In that vein, since all public lands are best served burned, it would please me to see it all burn now, in one fell swoop, because I want to be here when it does. Just to see it burn. To hear it burn. To witness the handwringing. To hear the excuses. Put some more lampblack on the glaciers, the ice fields, where it will do some good, and heat this place up. The more heat we get, and sooner, the longer it will be before the ice age returns….or……

Maybe the land cleared of forests will now reflect sunlight and energy on cloudless days with snow cover. That will combat global warming. And with a whole lot more acres, millions in fact, tens of millions, that much more heat into space. Golly!! That could forestall global warming. Ice ages can do that, you know. We are saved!!! Landscape burning, across the continents will save us!!! Al Gore can use that blubber to keep warm!! And the rain forests can be clear cut again, to feed the remaining people in the world. How much better can it get?

Wowzie! I can go to bed with a smile on my face knowing we are not going to fry in the global warming pan. Nite nite……

8 May 2009, 9:36am
by Larry H.


Outside of Oregon, very little of that Congressional Hoo-Ha made it out to the public. I think the eco’s saw how pathetic Gore’s response was, and to mitigate the damage to their agenda, they seem to have a gag order on anything to do with forests. They realize that their defense of the status quo can’t be supported with sound science. I wonder if they even realize just how fundamentalist and unprogressive their beliefs on forests are.
Still, the key to saving our forests is proving to the public that today’s wildfires are ALWAYS bad for our environment. Always bad for our economy and always bad for our health. Once we’ve convinced the public of that, we can proceed onward to solutions. Solutions to fit that particular piece of land and condition.

11 May 2009, 8:26pm
by bear bait


I pondered more on this subject. 60% of Oregon land CANNOT participate in this biomass alternative fuel deal, because they are Federal lands. So two thirds of the State landmass is disenfranchised by intent, in the bill from the filibuster proof Democrat Congress. A tail to pin on that donkey, as it were.

So, Oregon is overwhelmingly urban Democrat ruled. One must only win Multnomah County (read Portland) to win a statewide election. I must then assume that with 4 Democrat Congressmen, and two Democrat Senators, and Democrats in all statewide state elected offices, that his language to preclude Federal Lands is in the bill, and not being challenged by any Oregon Democrats, it must mean that it is their stated intent, and the urban majority could give a tinker’s damn if the bill is a rural job killer. If there were evidence of the urban/rural split, the tyranny of the urban majority, this legislation personifies that situation.

So the answer, of course, is to legislate that all mass transit must run on biomass-produced fuel. Government buildings must be heated with biomass-produced fuel. All government vehicles must run on biomass-produced fuels.

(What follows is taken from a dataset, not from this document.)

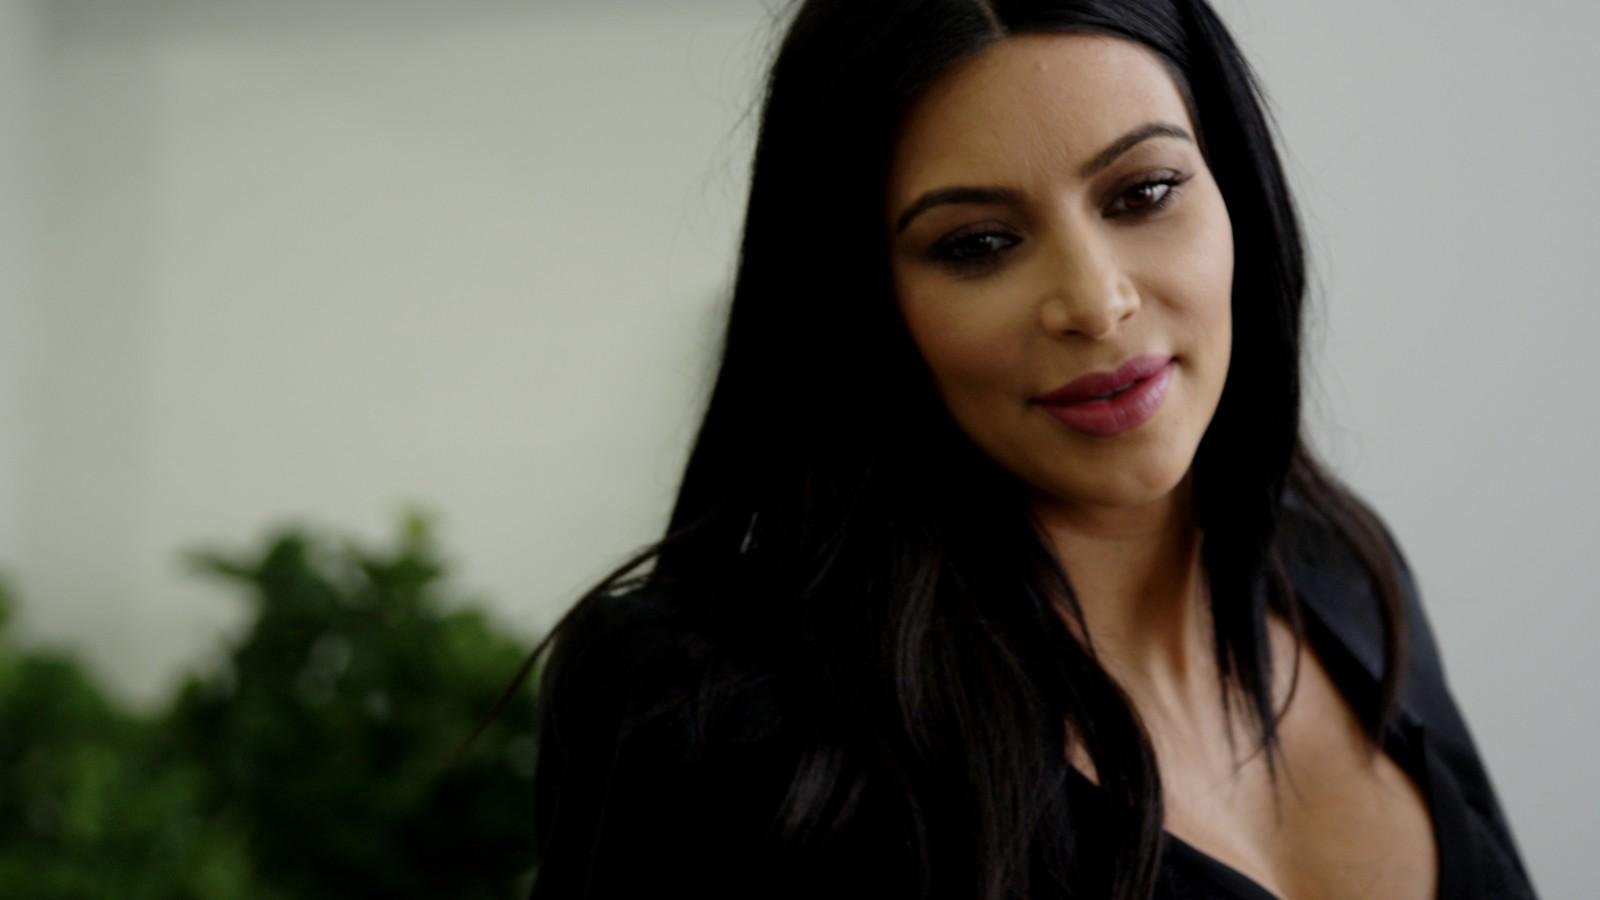 Exclusive: Getting dressed with Kim Kardashian

Those who have absolute control over the public purse and the administration of public works and law enforcement should have to live with their green solutions. If they can’t live with their laws, foisted on the public by public employee unions, by trade unions, and by tax forgiven profit making NGOs, then they should perish. That is the option given to the private sector.

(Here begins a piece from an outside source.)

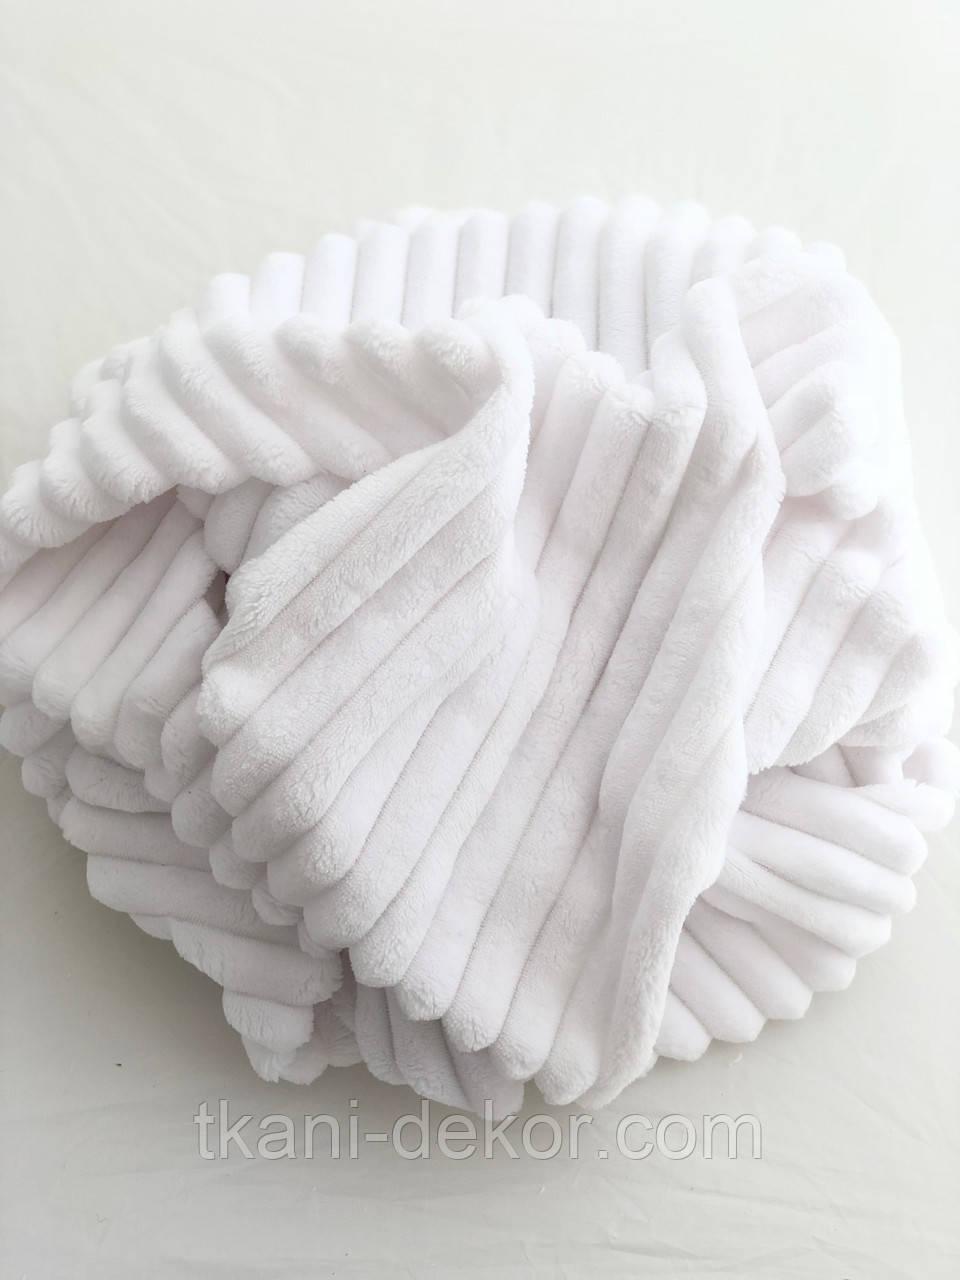 Плюшевая ткань Minky Stripes белого цвета шарпей (невыбеленный)  (лоскут 60*160)

No matter what, it will most likely be a moot argument in any case, as the plan is to burn the public biomass for its own good. Burning grass seed field residue is harmful to health at less than 50,000 acres a year, but wildland and range fire is just the cat’s meow while they burn 200,000 acres or more each year. Evidently logic has left Salem, and we know is has been missing in Washington DC for years. But putting your name on a bill to prove how stupid your logic is astounds me. And there are Congressmen and women lined up to do just that.